## Dataset excerpts
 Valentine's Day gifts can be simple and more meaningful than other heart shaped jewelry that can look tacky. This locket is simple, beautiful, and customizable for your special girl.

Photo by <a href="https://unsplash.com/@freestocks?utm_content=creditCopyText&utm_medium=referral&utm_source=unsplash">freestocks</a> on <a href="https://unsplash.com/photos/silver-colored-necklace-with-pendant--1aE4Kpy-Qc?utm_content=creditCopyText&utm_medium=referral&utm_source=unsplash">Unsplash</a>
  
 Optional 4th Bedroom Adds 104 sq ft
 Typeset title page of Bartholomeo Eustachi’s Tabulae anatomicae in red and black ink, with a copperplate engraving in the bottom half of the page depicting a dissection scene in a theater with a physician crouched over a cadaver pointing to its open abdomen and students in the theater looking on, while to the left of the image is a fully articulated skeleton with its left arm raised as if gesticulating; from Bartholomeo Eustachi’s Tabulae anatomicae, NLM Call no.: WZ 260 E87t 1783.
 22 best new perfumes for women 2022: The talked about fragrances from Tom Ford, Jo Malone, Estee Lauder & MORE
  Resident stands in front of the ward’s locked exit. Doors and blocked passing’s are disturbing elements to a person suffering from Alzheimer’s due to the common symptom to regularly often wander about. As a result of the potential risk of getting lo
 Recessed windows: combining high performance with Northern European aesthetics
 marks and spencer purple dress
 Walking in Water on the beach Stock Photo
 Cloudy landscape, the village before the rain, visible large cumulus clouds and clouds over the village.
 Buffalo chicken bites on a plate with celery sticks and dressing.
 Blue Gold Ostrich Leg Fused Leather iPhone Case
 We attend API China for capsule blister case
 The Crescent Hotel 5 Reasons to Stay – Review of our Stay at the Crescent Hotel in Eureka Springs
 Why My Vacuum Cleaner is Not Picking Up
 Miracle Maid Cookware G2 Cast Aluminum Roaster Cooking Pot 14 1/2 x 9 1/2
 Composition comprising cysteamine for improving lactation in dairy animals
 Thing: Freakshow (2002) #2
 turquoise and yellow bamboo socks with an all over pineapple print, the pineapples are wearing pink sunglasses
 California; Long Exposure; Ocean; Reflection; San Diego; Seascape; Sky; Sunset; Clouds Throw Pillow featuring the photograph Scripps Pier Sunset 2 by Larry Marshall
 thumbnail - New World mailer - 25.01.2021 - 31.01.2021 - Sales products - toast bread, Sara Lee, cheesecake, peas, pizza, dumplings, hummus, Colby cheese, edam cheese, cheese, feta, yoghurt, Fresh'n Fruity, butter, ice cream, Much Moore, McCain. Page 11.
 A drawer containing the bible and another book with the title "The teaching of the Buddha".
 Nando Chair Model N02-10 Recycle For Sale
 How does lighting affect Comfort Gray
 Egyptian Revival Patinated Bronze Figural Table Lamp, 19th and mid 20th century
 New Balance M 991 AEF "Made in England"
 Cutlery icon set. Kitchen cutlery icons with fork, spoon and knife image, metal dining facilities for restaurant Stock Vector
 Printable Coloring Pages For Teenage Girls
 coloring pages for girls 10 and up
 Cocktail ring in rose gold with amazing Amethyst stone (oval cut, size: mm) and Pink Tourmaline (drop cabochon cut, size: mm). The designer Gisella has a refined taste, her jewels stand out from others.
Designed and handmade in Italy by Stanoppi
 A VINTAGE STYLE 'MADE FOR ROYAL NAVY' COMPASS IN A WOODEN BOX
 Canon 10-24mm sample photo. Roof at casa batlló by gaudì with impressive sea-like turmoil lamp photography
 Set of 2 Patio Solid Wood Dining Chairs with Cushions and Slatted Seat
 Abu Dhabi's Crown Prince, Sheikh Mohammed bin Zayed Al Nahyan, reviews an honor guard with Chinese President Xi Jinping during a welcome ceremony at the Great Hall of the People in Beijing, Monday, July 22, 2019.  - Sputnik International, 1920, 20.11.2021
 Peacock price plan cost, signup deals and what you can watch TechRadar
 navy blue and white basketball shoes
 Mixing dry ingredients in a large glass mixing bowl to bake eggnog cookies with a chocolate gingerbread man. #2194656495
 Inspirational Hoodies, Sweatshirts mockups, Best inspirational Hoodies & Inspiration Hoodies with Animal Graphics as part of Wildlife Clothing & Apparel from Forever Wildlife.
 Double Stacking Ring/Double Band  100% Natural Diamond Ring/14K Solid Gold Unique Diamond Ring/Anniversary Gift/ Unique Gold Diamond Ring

## Task statement
No line should appear in the answer except those from the one containing "Egyptian Revival Patinated" through the last line of the listing, each retyped exactly.

## Your solution
 Egyptian Revival Patinated Bronze Figural Table Lamp, 19th and mid 20th century
 New Balance M 991 AEF "Made in England"
 Cutlery icon set. Kitchen cutlery icons with fork, spoon and knife image, metal dining facilities for restaurant Stock Vector
 Printable Coloring Pages For Teenage Girls
 coloring pages for girls 10 and up
 Cocktail ring in rose gold with amazing Amethyst stone (oval cut, size: mm) and Pink Tourmaline (drop cabochon cut, size: mm). The designer Gisella has a refined taste, her jewels stand out from others.
Designed and handmade in Italy by Stanoppi
 A VINTAGE STYLE 'MADE FOR ROYAL NAVY' COMPASS IN A WOODEN BOX
 Canon 10-24mm sample photo. Roof at casa batlló by gaudì with impressive sea-like turmoil lamp photography
 Set of 2 Patio Solid Wood Dining Chairs with Cushions and Slatted Seat
 Abu Dhabi's Crown Prince, Sheikh Mohammed bin Zayed Al Nahyan, reviews an honor guard with Chinese President Xi Jinping during a welcome ceremony at the Great Hall of the People in Beijing, Monday, July 22, 2019.  - Sputnik International, 1920, 20.11.2021
 Peacock price plan cost, signup deals and what you can watch TechRadar
 navy blue and white basketball shoes
 Mixing dry ingredients in a large glass mixing bowl to bake eggnog cookies with a chocolate gingerbread man. #2194656495
 Inspirational Hoodies, Sweatshirts mockups, Best inspirational Hoodies & Inspiration Hoodies with Animal Graphics as part of Wildlife Clothing & Apparel from Forever Wildlife.
 Double Stacking Ring/Double Band  100% Natural Diamond Ring/14K Solid Gold Unique Diamond Ring/Anniversary Gift/ Unique Gold Diamond Ring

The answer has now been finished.